The developed synthesis yielded diaryl-HIs with high yields. The diaryl-HIs demonstrated excellent thermal bistability, with half-lives ranging from hours to over 100 years at 25 °C, depending on the substituents. Significant photochromism was observed, with color changes ranging from red to deep purple. Irradiation with appropriate wavelengths led to high isomer enrichments. Most notably, the diaryl-HIs exhibited multi-stimuli responsiveness, with green and red light, temperature, and acid/base stimuli all affecting their isomerization. The addition of small amounts of acid induced isomerization; while the addition of a large excess of acid yielded distinct, protonated forms. The addition of base neutralized the acid and reverted the system to its neutral state. This acid-base induced switching mechanism demonstrated reversible four-state switching and a chemical fueling process, enabling enrichment of the thermodynamically less stable isomer. Incorporation into polystyrene polymers yielded transparent, photochromic materials, where information could be written with light and erased by another wavelength of light, by addition of acid, or by exposure to sunlight. The QYs for photoisomerization from the hypsochromic to bathochromic species were typically low; however, QYs for photoisomerization from the bathochromic to hypsochromic species were higher, ranging from 4% to 6% for selected compounds. The UV/Vis absorption maxima of the hypsochromic isomers showed a bathochromic shift in polar solvents, while the bathochromic species exhibited hypsochromic or bathochromic shifts, indicating solvent dependence. The study also noted that stronger donor/acceptor systems on the stilbene moiety resulted in more bathochromically shifted UV/Vis absorption bands and better isomer enrichment. Functionalization at position R³ improved photochemical behavior.

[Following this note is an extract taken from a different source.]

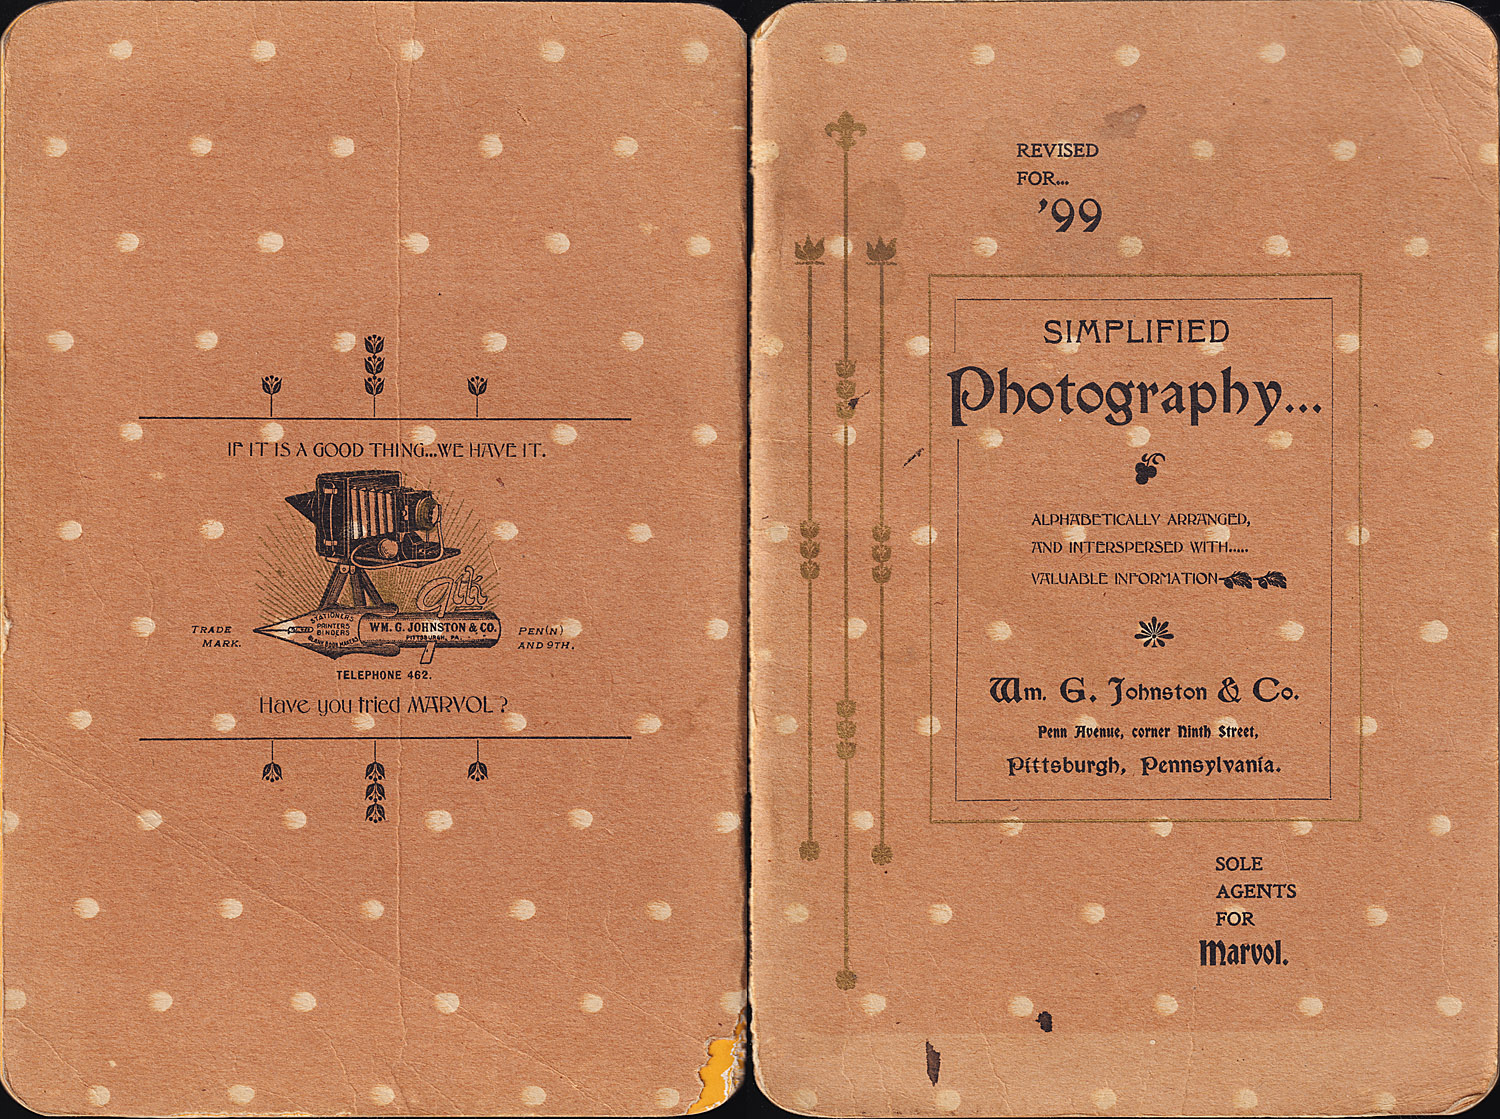 1359.wm.johnston&co.pittsburgh.1900-covers-1500.jpg
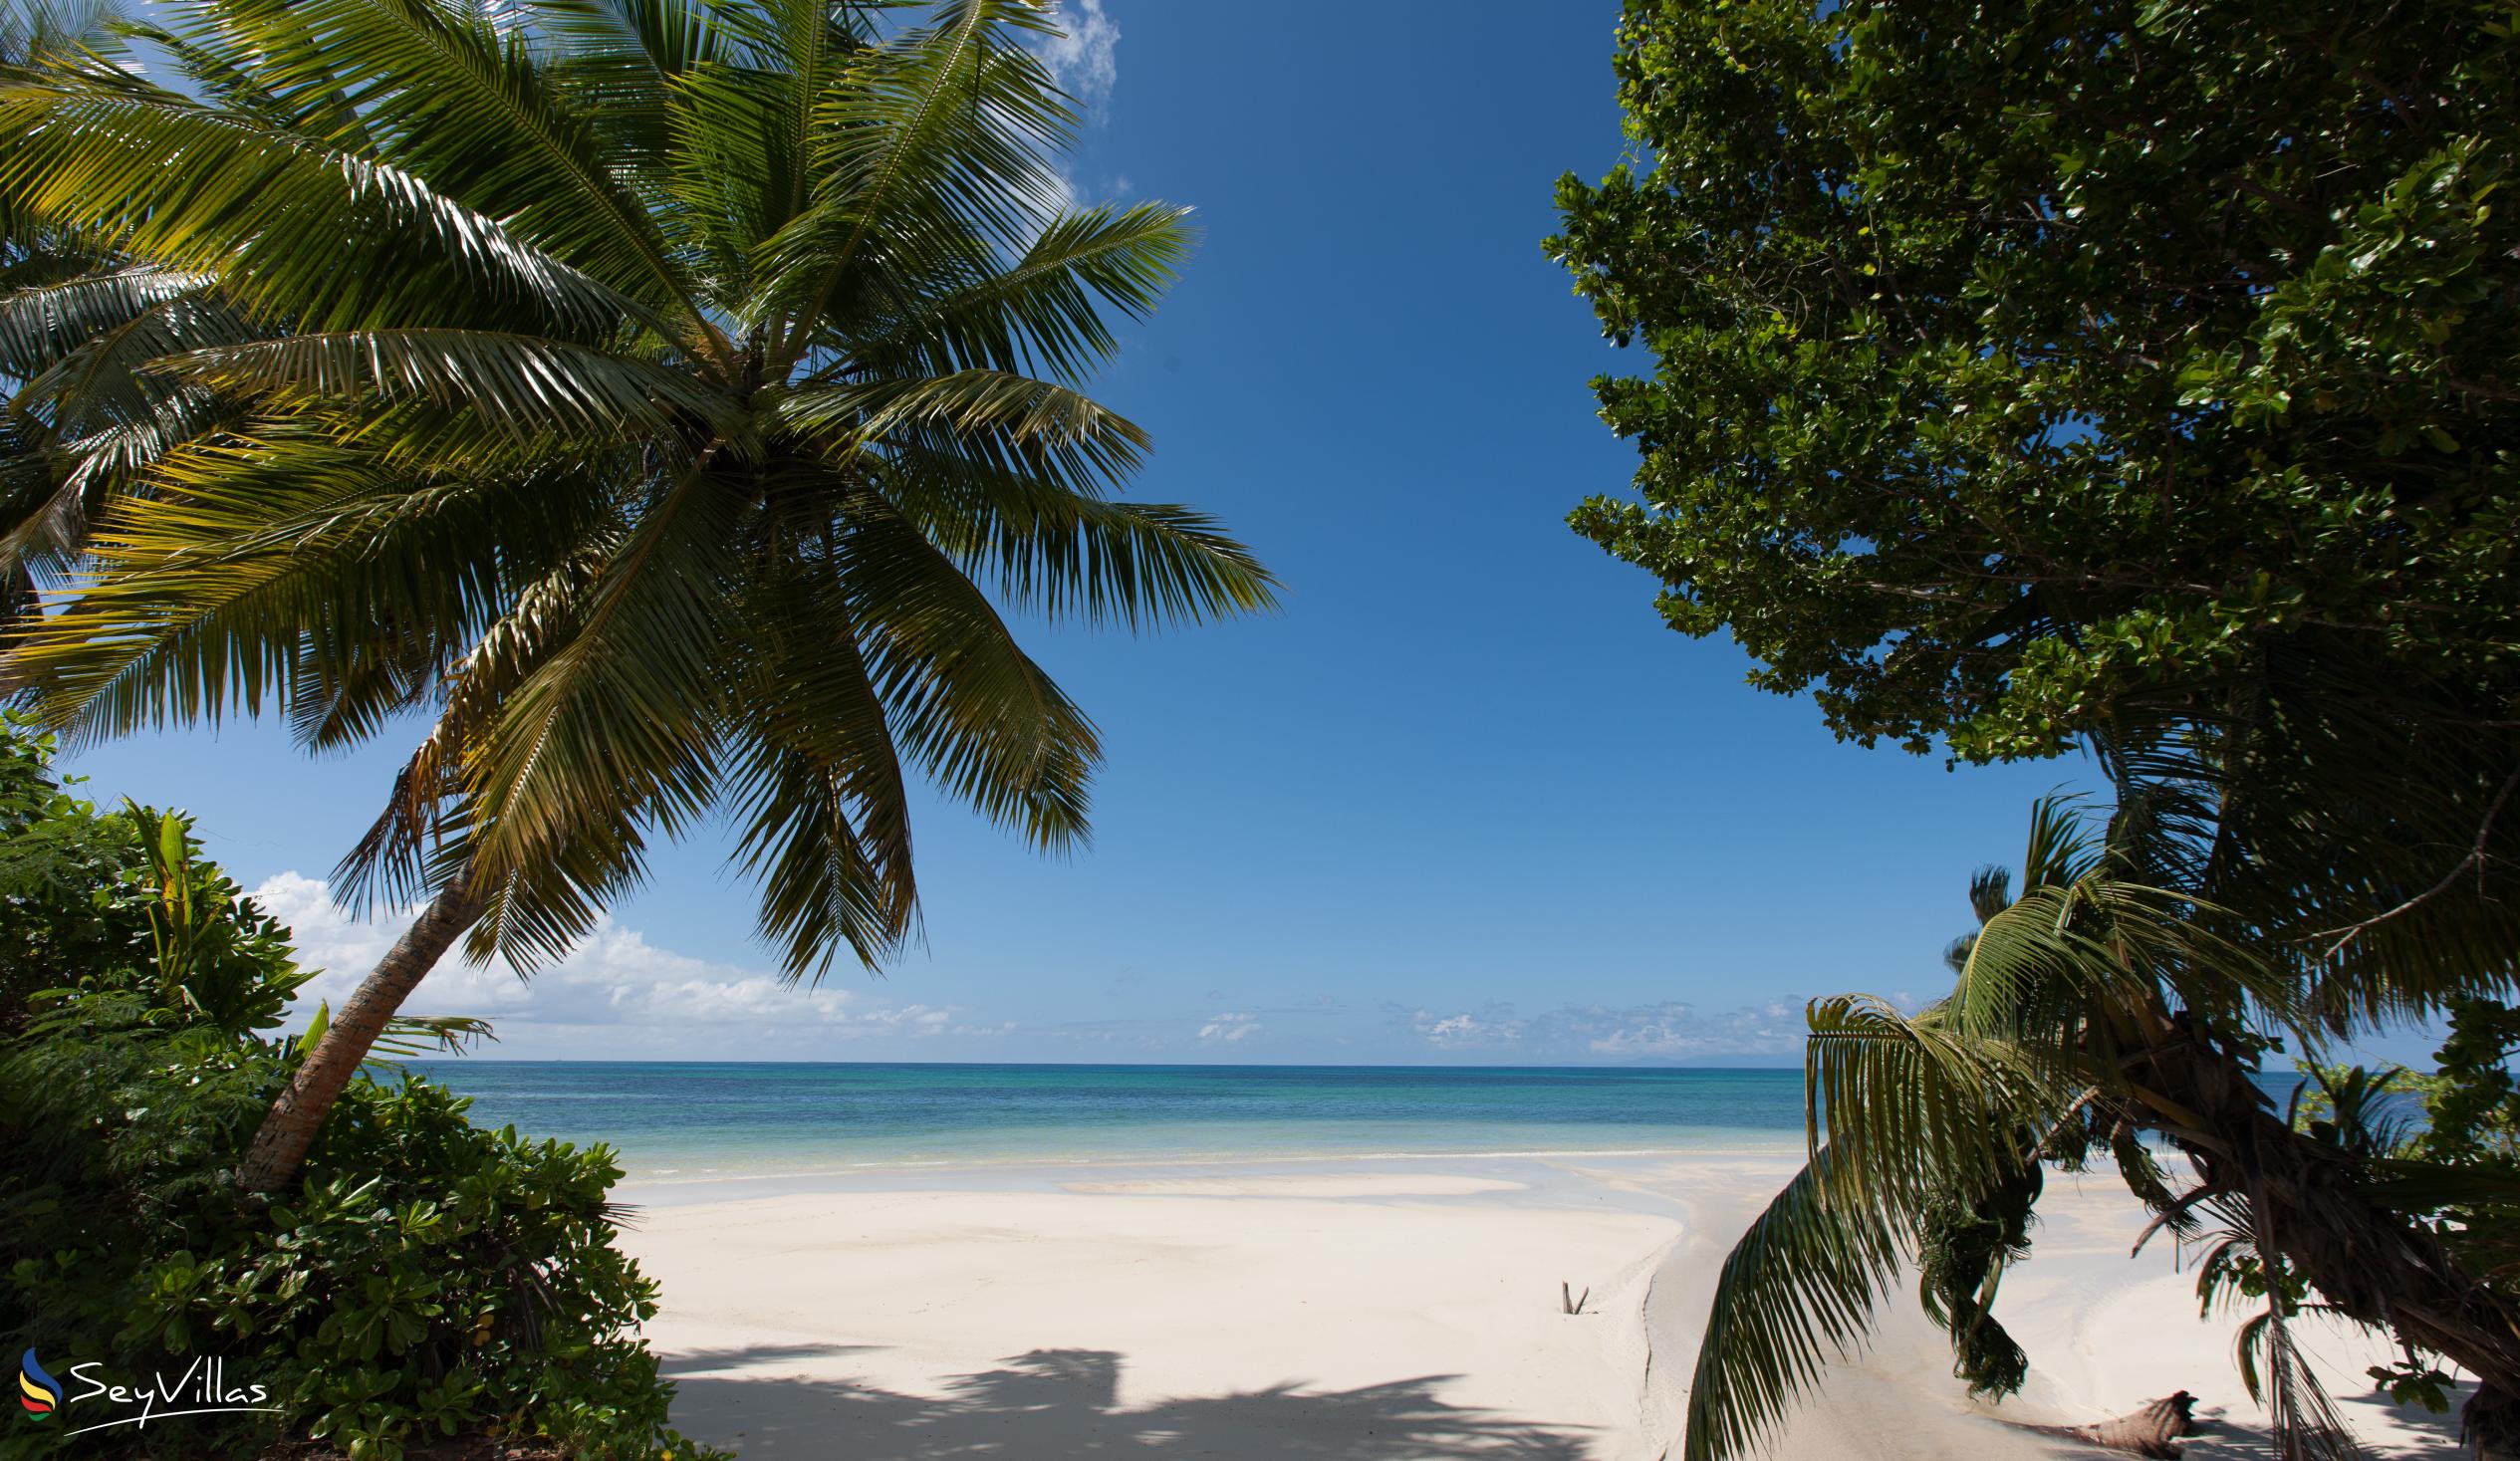 Photo 18: Anse St Sauveur - Praslin (Seychelles)

The findings demonstrate that diaryl-HIs represent a significant advancement in photoswitch technology. The ease of synthesis and the modular nature of the synthetic route allow for extensive structural diversification, enabling fine-tuning of the photoswitch properties for specific applications. The remarkable combination of visible light responsiveness, high thermal bistability, strong photochromism, and multi-stimuli responsiveness positions diaryl-HIs as superior photoswitches compared to previous generations. The ability to achieve four distinct states using light, heat, and pH manipulation expands the potential for complex switching applications in molecular machines and functional materials. The successful demonstration of reversible inscription into transparent polymers highlights the practical utility of these photoswitches. The acid-gating of photoresponsiveness introduces another layer of control and complexity. The ability to chemically fuel the system to favor the thermodynamically less stable isomers opens up new avenues for energy-efficient molecular machines and devices. The detailed photophysical and photochemical characterization provides a strong foundation for future design and optimization of diaryl-HIs.

This work presents a novel synthetic route and a thorough characterization of a new class of photoswitches, diaryl-HIs, demonstrating their superior properties compared to existing photoswitches. The remarkable multi-stimuli responsiveness, four-state switching ability, and successful implementation in photochromic polymers highlight their broad applicability. Future research could focus on exploring the full potential of this structural space, further optimizing properties, and investigating applications in diverse fields such as drug delivery, catalysis, and data storage.

While the study demonstrates the potential of diaryl-HIs, some limitations exist. The quantum yields for photoisomerization from the bathochromic to hypsochromic species were relatively low. Further optimization of the molecular structure might enhance these yields. The long-term stability of the photochromic polymers under intense sunlight exposure requires further investigation. The study predominantly used toluene as a solvent; a broader investigation of solvent effects on performance is warranted.